Shadrak envisage un tel scénario.
— Tu veux dire que, prévenu par toi ou non, ça n’aurait rien changé ?
— Ça n’aurait rien changé pour toi, répond Nikki. Pour moi, si. Dans un cas, j’y laisse mon job et peut-être ma peau. Dans l’autre, je survis un peu plus longtemps.

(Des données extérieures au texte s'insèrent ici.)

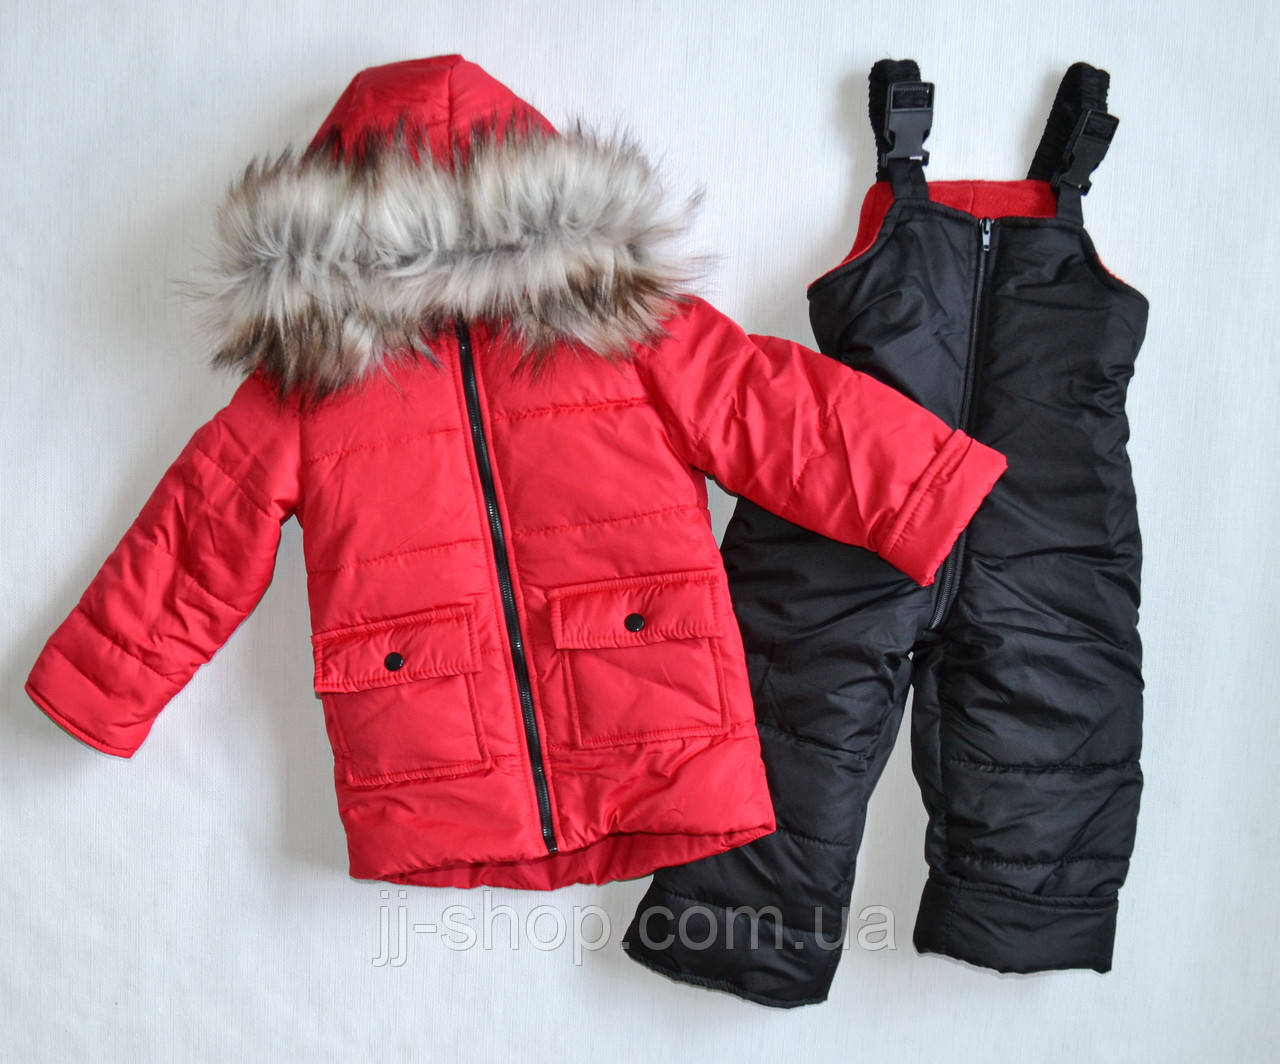 Дитячий зимовий комбінезон унісекс для дівчаток і хлопчиків 2 і 4 роки червоного кольору

— J’aurais tout de même souhaité que ce soit toi qui m’apprennes la vérité.
— Au lieu de Katya ?
— À quel moment ai-je parlé de Katya ?
Nikki sourit.
— Ce n’était pas nécessaire, mon chéri.
19 août 2009
Douce journée d’été. C’est l’été sur la moitié de la planète. La saison des amants. Surveillance Vecteur Un me les montre, bras dessus, bras dessous, dans les rues de Paris, Londres, San Francisco ou Tokyo. Les regards attendris, les petits baisers, les petits coups de hanche. Même ceux qui souffrent du pourrissement organique clopinent d’un même pas. Ils sont en train de mourir à petit feu, mais ils trouvent encore le moyen de danser la danse de l’amour. Les imbéciles ! Je crois me rappeler les pas de cette danse, bien que cela me reporte quarante ou cinquante ans en arrière. Oui, oui, la rencontre, les tensions et les estimations préliminaires, les avances et les esquives, l’étincelle du contact, l’effacement des barrières, la première étreinte, les mots tendres, les serments, le sens du complot, c’est nous deux contre le monde entier, la certitude que ça durera éternellement, la découverte que ce ne sera pas le cas, la désunion, la brouille et la séparation, la convalescence, l’oubli – oh ! oui, l’homme qui porte le nom de Gengis Mao l’a dansée jadis, cette danse, bien avant qu’il devienne Gengis Mao, il a joué à ce jeu. Il y a longtemps. Et à quoi sert ce jeu ? À endormir le moi souffrant. À lubrifier les rouages biologiques sans lesquels la machine ne tourne pas. C’est une diversion, une distraction, une sottise. Le jour où j’ai su ce qu’il en était, j’y ai renoncé, et sans regret. Regardez-les se promener ensemble. « L’amour éternel. » Comme s’il existait une seule chose éternelle. Mais l’amour ? L’amour ? C’est un état instable, une absurdité thermodynamique. Deux sources d’énergie, deux soleils qui tentent l’un et l’autre d’établir une orbite autour du partenaire en s’efforçant de lui apporter lumière et chaleur. Aussi joli à raconter qu’invraisemblable. Naturellement, tôt ou tard, un effondrement gravitationnel finit par casser le système. Un des corps réduit l’autre en miettes, ou bien ils tournoient jusqu’à la collision finale, ou bien encore leur trajectoire chaotique vient à les séparer. C’est une perte d’énergie, un gaspillage futile de la force vitale. L’amour ? Il faut l’abolir ! Si seulement c’était en mon pouvoir.